Because per-chunk samples the frames each block actually appears over, its contrast
check is tighter than global. Colors change abruptly between blocks (hard cuts); smooth
color tweening between blocks may come later.
When colorizing, the console prints the chosen colors, the box opacity, and the measured
contrast ratio. In global mode this is a single line; in per-chunk mode one line is
printed per caption block:
Colorize: text #F5E9C8, box #1A140B (72% opaque), contrast 9.3:1 # global
block 1: text #F5E9C8, box #1A140B (72% opaque), contrast 9.3:1 # per-chunk
| Flag | Default | Description |
|---|---|---|
-o, --output PATH |
<input>-captioned.mp4 |
Output file path |
--model PATH|NAME |
~/.cache/nice-ass-captions/ggml-large-v3-turbo.bin |
Whisper model path or short name (e.g. small.en) |
--prompt TEXT |
— | Initial prompt for whisper — improves accuracy for domain-specific proper nouns |
--transcript PATH |
— | Raw transcript text file to use as a whisper prompt |
--words N |
5 |
Words per caption chunk |
--position top|center|bottom |
bottom |
Caption position |
--colorize global|per-chunk |
off | Derive text and background colors from the video imagery (whole-video pair or per-block) |
--keep-tmp |
off | Keep intermediate .wav and .wts files |
Models live in ~/.cache/nice-ass-captions/. Download with:
mkdir -p ~/.cache/nice-ass-captions
# large-v3-turbo — recommended/default (best accuracy/speed tradeoff)

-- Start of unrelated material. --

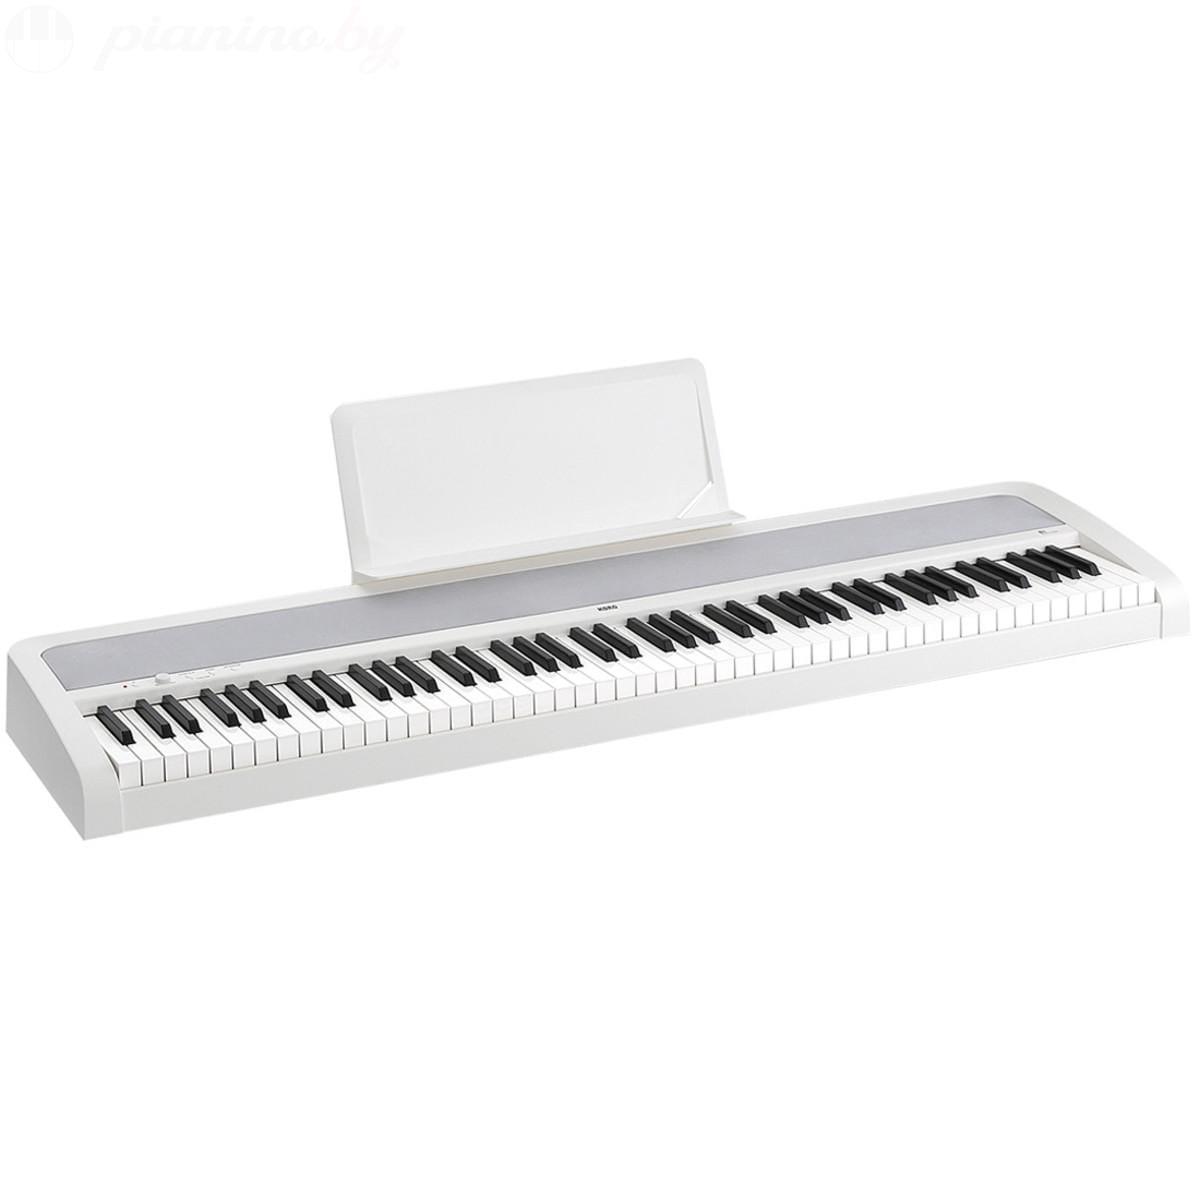 Цифровое пианино Korg B1-WH Фото 1

curl -L -o ~/.cache/nice-ass-captions/ggml-large-v3-turbo.bin \
https://huggingface.co/ggerganov/whisper.cpp/resolve/main/ggml-large-v3-turbo.bin
# small.en — faster, slightly less accurate
curl -L -o ~/.cache/nice-ass-captions/ggml-small.en.bin \
https://huggingface.co/ggerganov/whisper.cpp/resolve/main/ggml-small.en.bin| Model | Size | Notes |
|---|---|---|
tiny.en |
75MB | Fastest, basic accuracy |
base.en |
142MB | Fast, decent accuracy |
small.en |
466MB | Good balance |
medium.en |
1.5GB | High accuracy, English-only |
large-v3-turbo |
1.6GB | Recommended/default, multilingual, fast on Apple Silicon |
large-v3 |
3.1GB | Highest accuracy, multilingual, slower |
On Apple Silicon, whisper.cpp runs via Metal (GPU), so even the large models transcribe a short video in seconds.

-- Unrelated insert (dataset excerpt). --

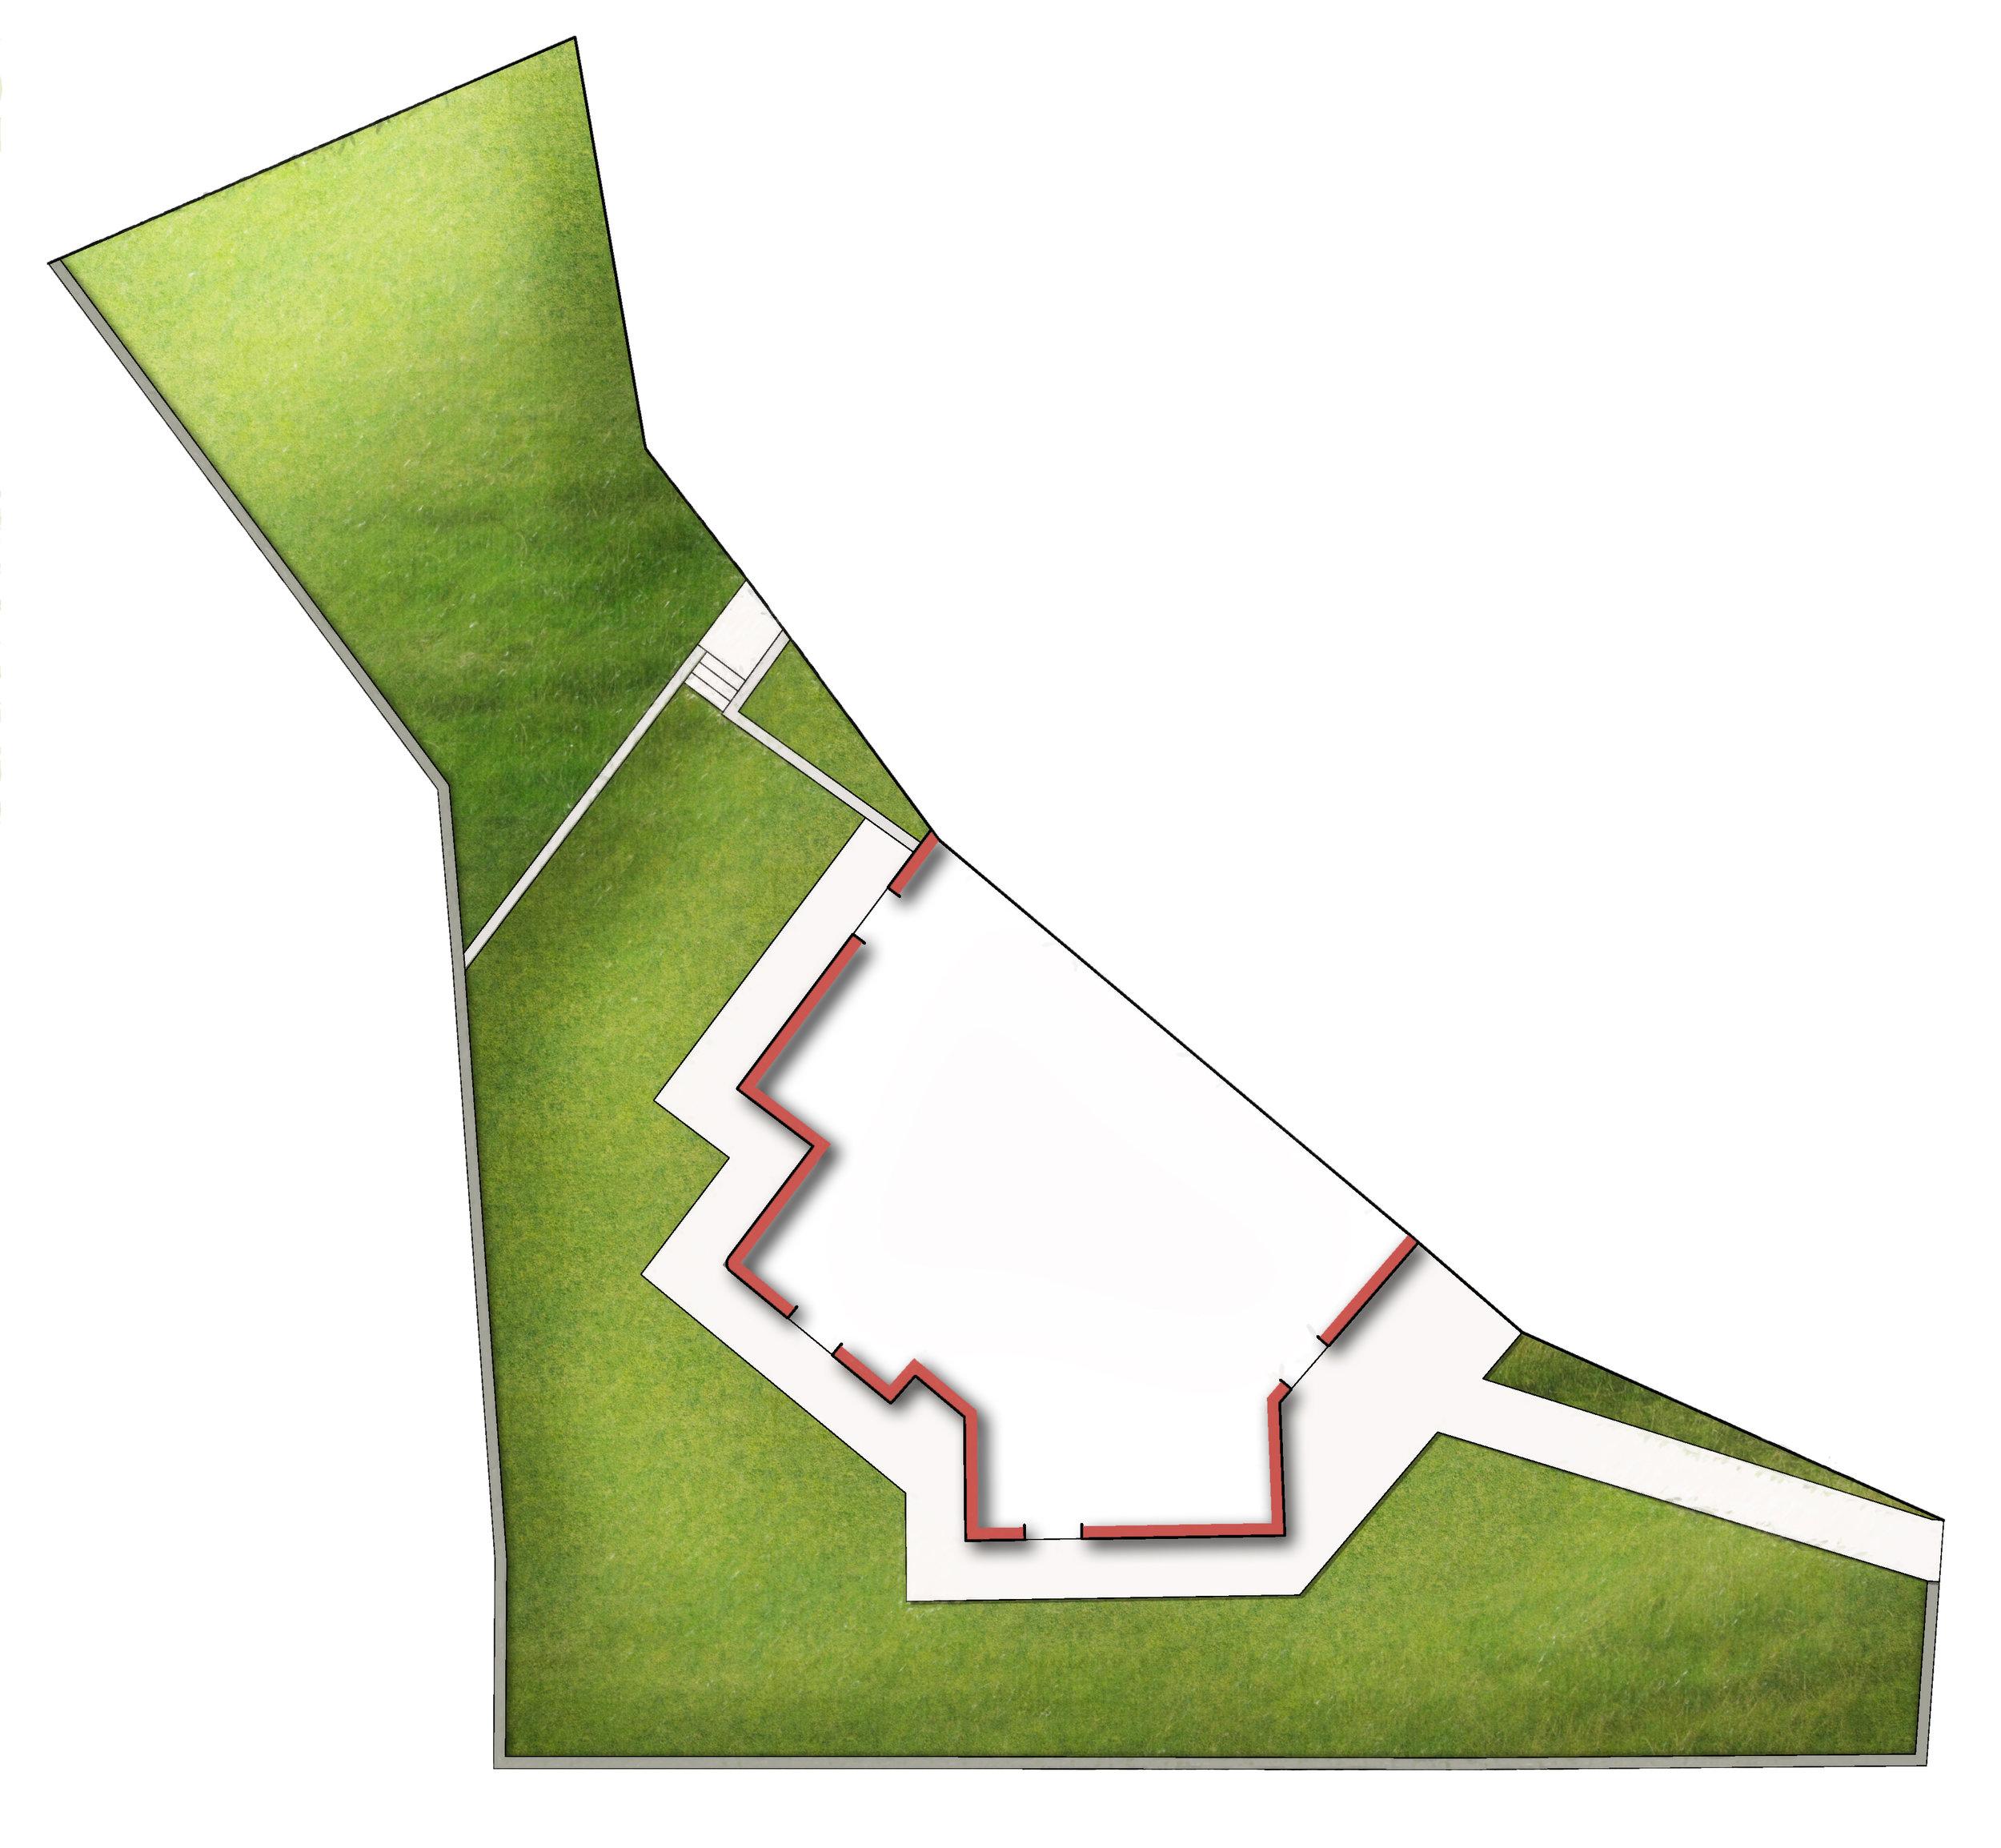 giardino_privato_planimetria

All visual parameters are constants at the top of caption.py:
| Constant | Default | Description |
|---|---|---|
FONT_NAME |
Arial |
Caption font family |
FONT_SIZE |
72 |
Font size in script pixels |
PAD_X |
24 |
Horizontal padding inside background box |
PAD_Y |
28 |
Vertical padding inside background box |
CORNER_R |
18 |
Background box corner radius |
MARGIN_BOTTOM |
80 |
Distance from bottom of frame to text |
CAPTION_POSITION |
bottom |
Default caption position: top, center, or bottom |
ALPHA_DIM |
&H99& |
Inactive word opacity (~60% opaque) |
ALPHA_BRIGHT |
&H00& |
Active word opacity (fully opaque) |
COL_TEXT |
&H00FFFFFF |
Caption text color |
COL_BOX |
&H48000000 |
Background box color and opacity |
MIN_CONTRAST |
4.5 |
Minimum contrast ratio for --colorize colors |
WORDS_PER_CHUNK |
5 |
Words per caption group |
Colors use ASS format: &HAABBGGRR where AA is alpha (00 = opaque, FF = transparent).

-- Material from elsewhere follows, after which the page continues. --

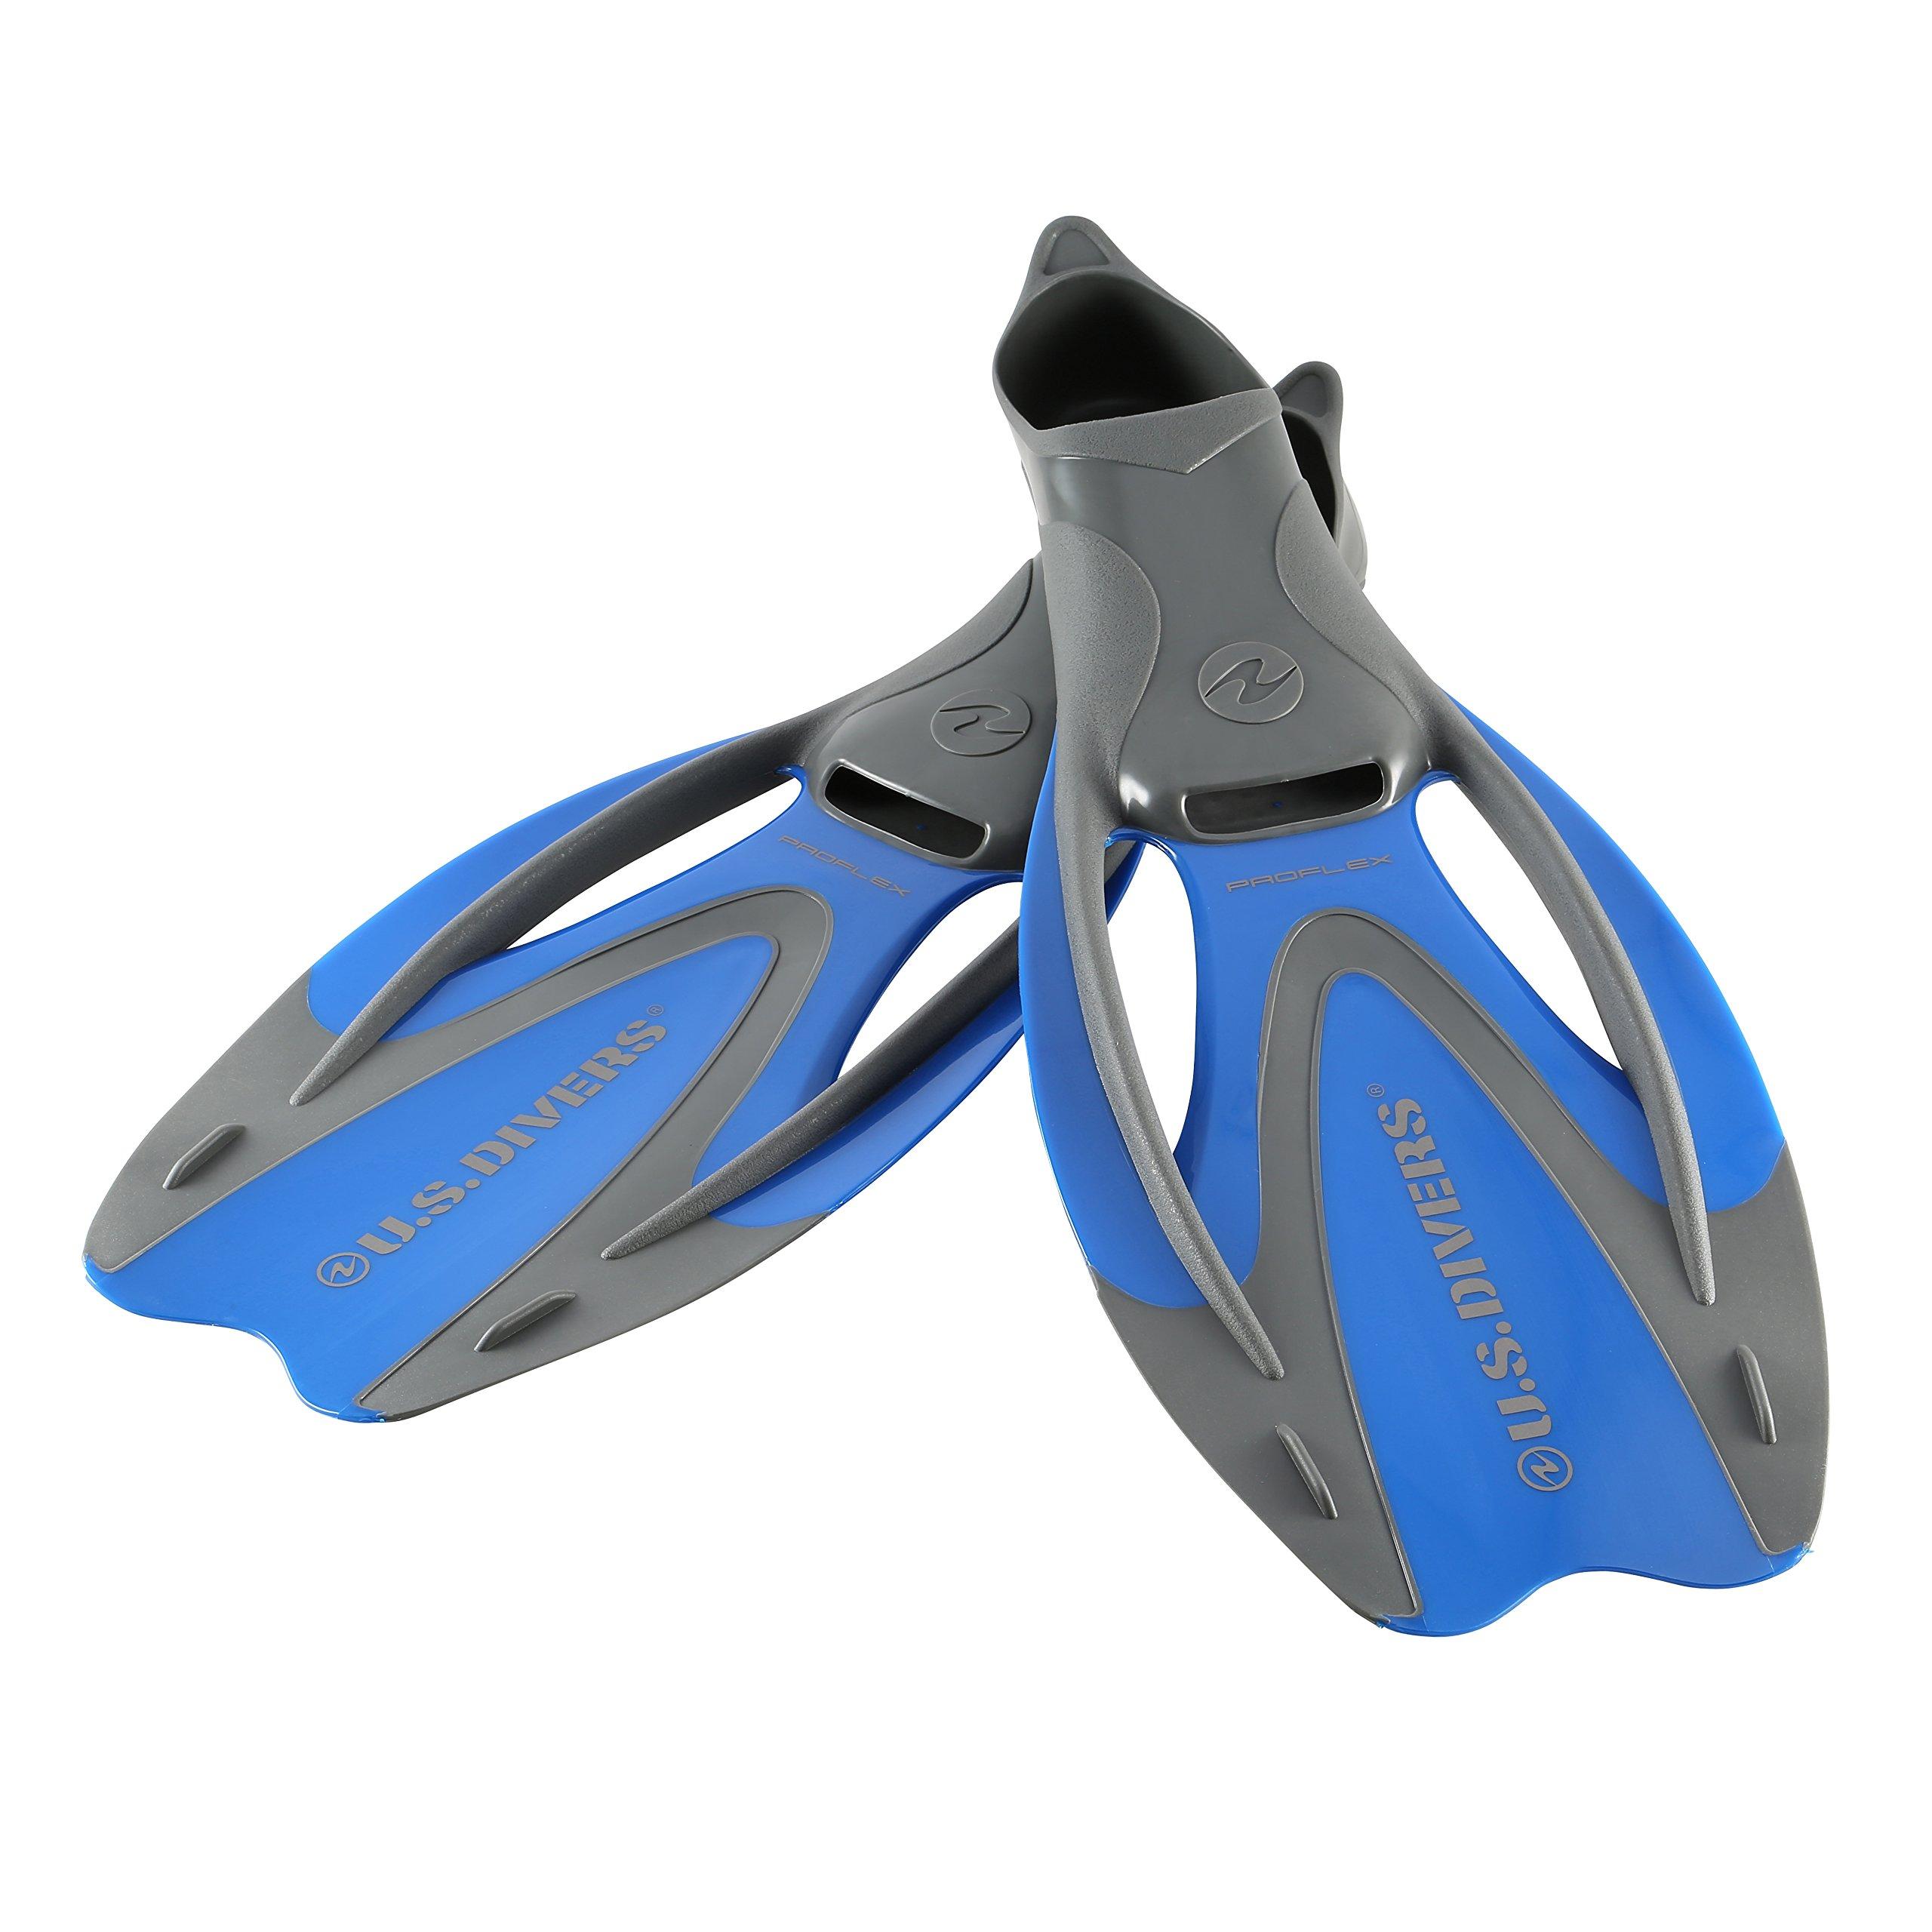 U.S. Divers Proflex II Snorkel Fins (Electric Blue). Adult Dual-Composite Blade Snorkeling Fins (Size Medium. Range 6.5-8) by U.S. Divers

whisper.cpp occasionally splits compound words at subword boundaries (e.g. "Cloudflare" → Cloud + fl + are). The COMPOUND_MERGES list in caption.py handles known cases. Add entries for proper nouns specific to your content:
COMPOUND_MERGES = [
["cloud", "fl", "are"], # Cloudflare
["my", "company"], # MyCompany — add your own
]The --prompt flag is also effective for proper nouns — passing --prompt "Cloudflare, WebAssembly" biases the model toward recognizing them correctly before the merge step is needed.